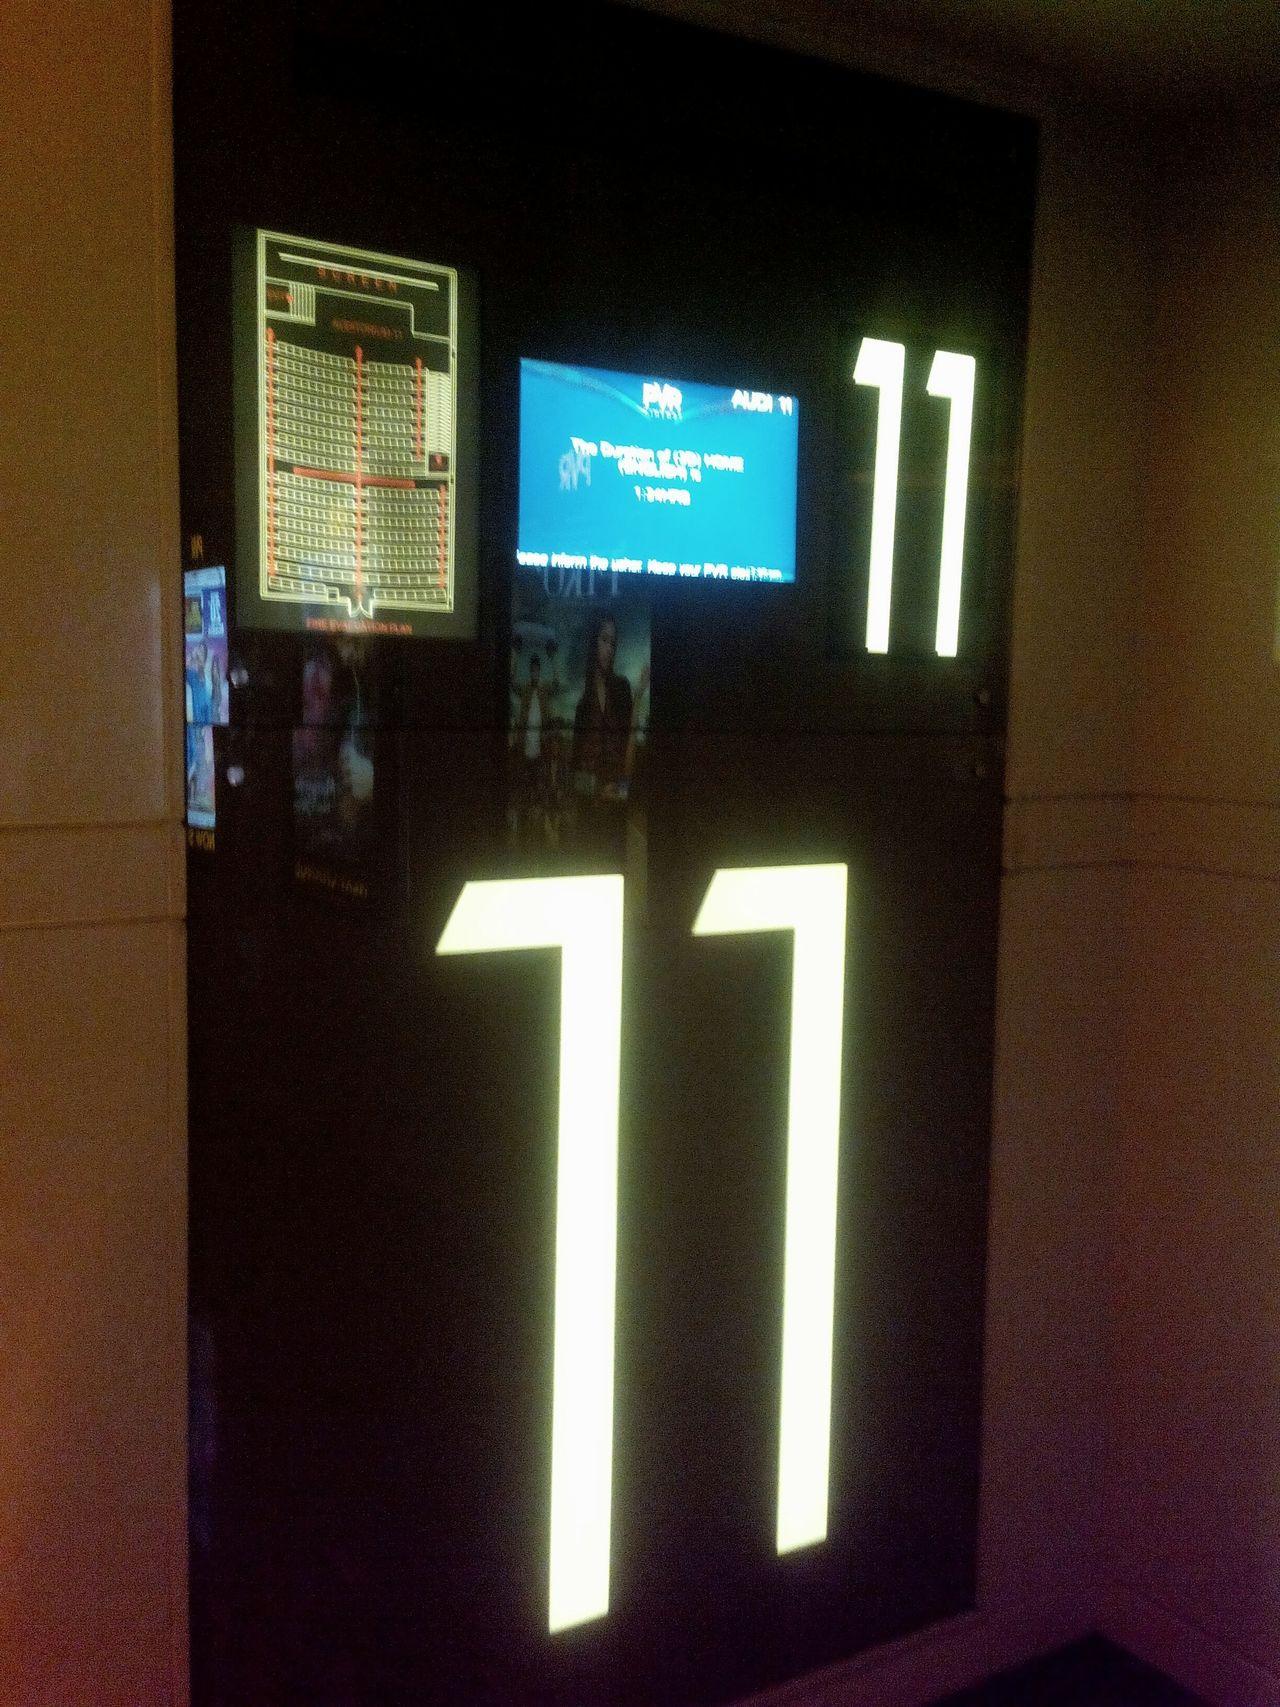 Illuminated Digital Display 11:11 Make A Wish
################
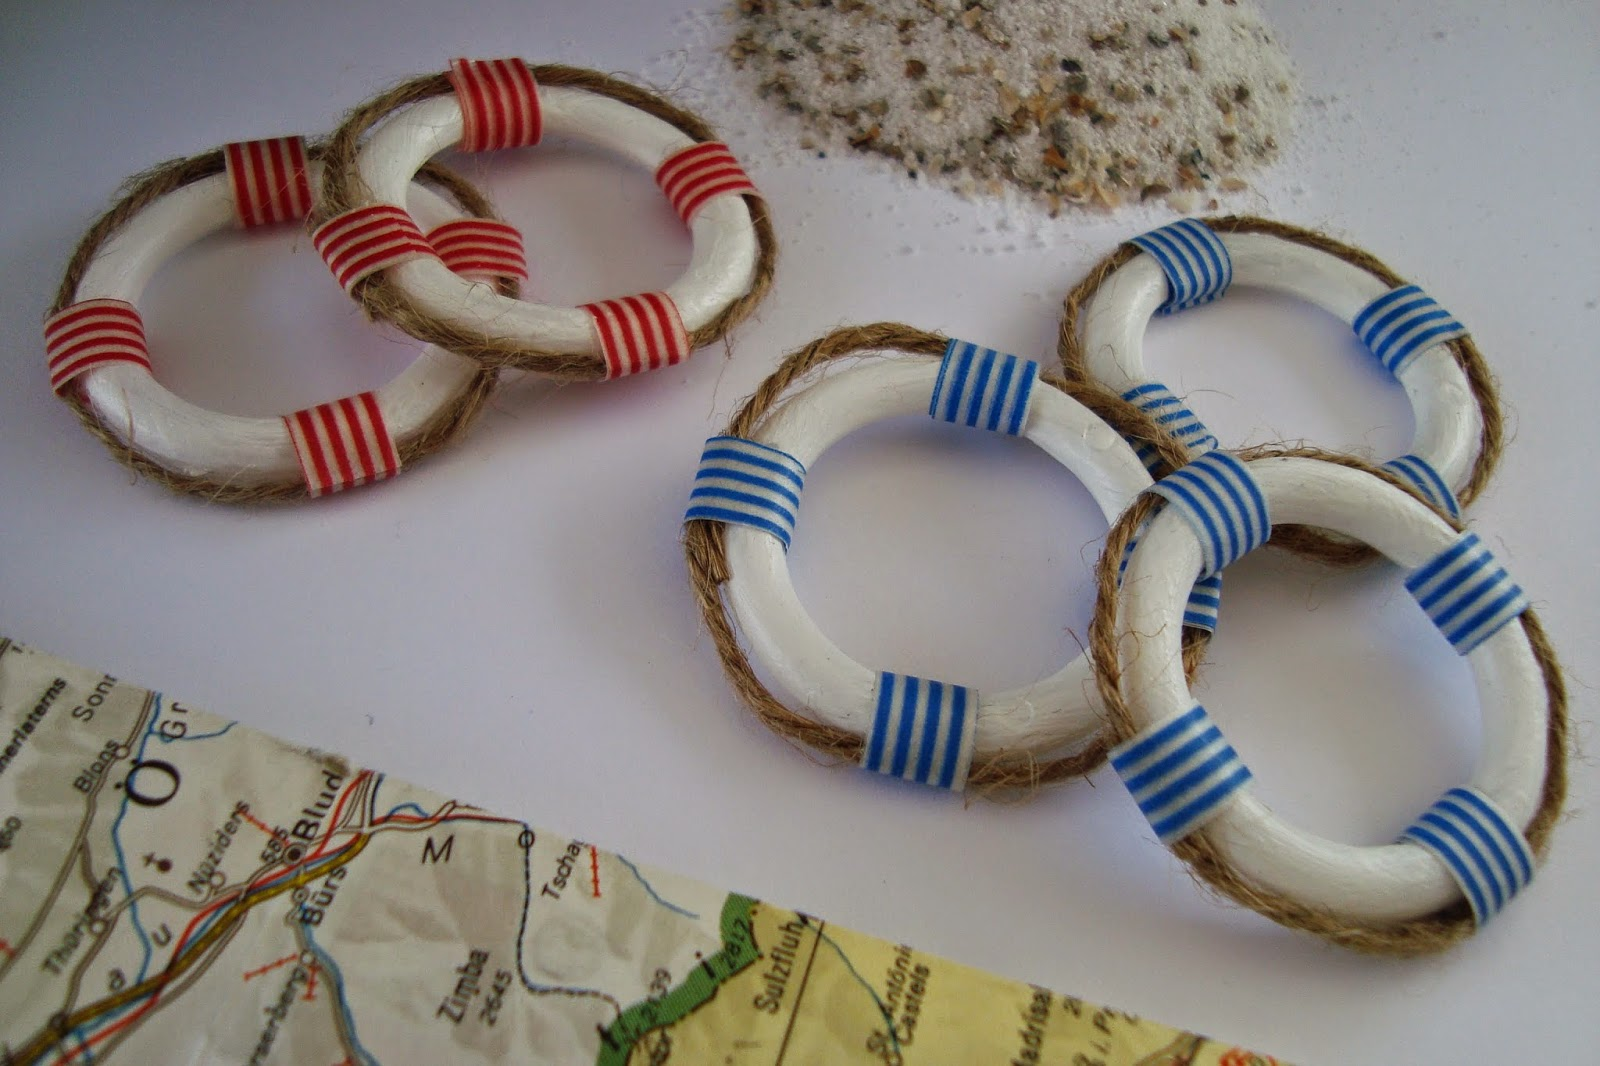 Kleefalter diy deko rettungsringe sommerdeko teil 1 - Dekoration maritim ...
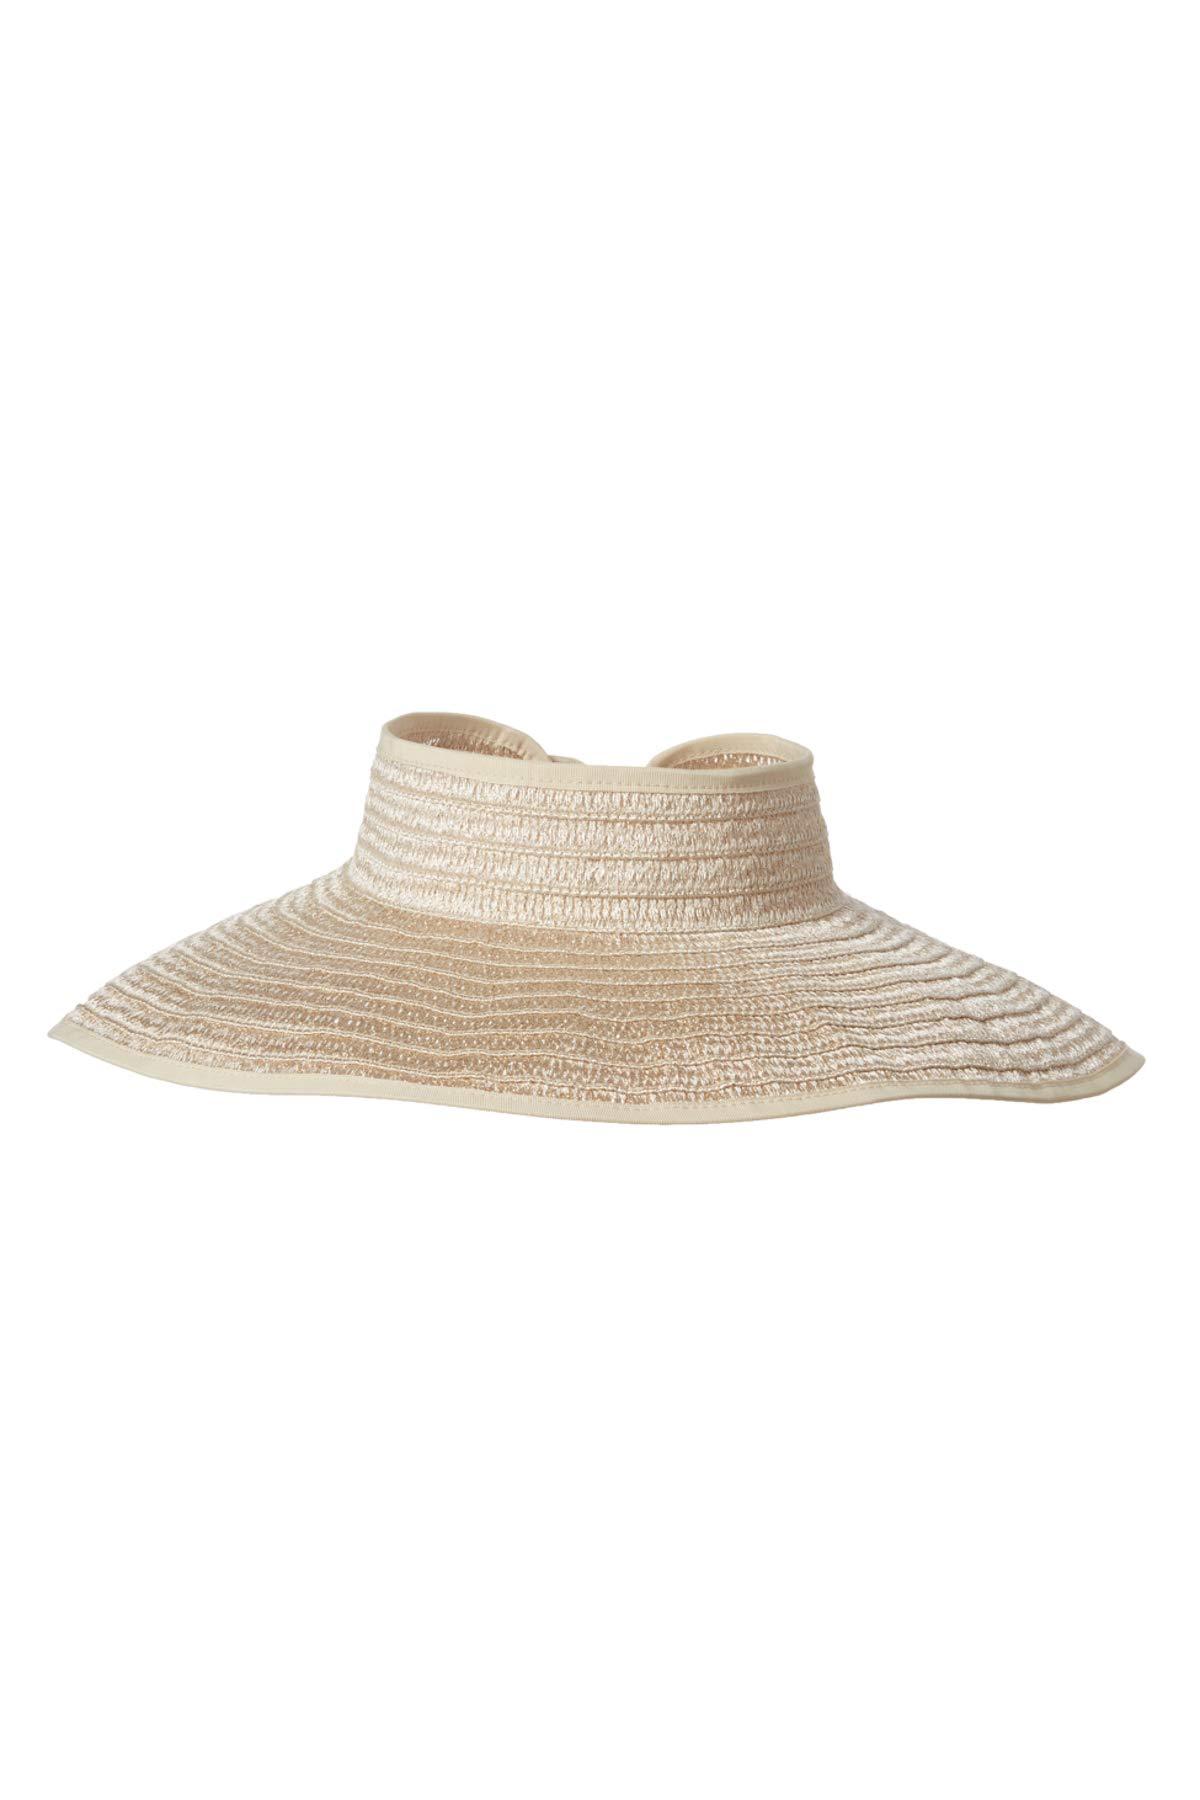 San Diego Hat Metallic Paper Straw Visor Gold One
################
__Task brief__:
Start at the line containing "Kleefalter diy deko" above and stop at the line containing "San Diego Hat". Output those lines exactly, both included, but none of the pictures.

__Solution__:
 Kleefalter diy deko rettungsringe sommerdeko teil 1 - Dekoration maritim ...
 San Diego Hat Metallic Paper Straw Visor Gold One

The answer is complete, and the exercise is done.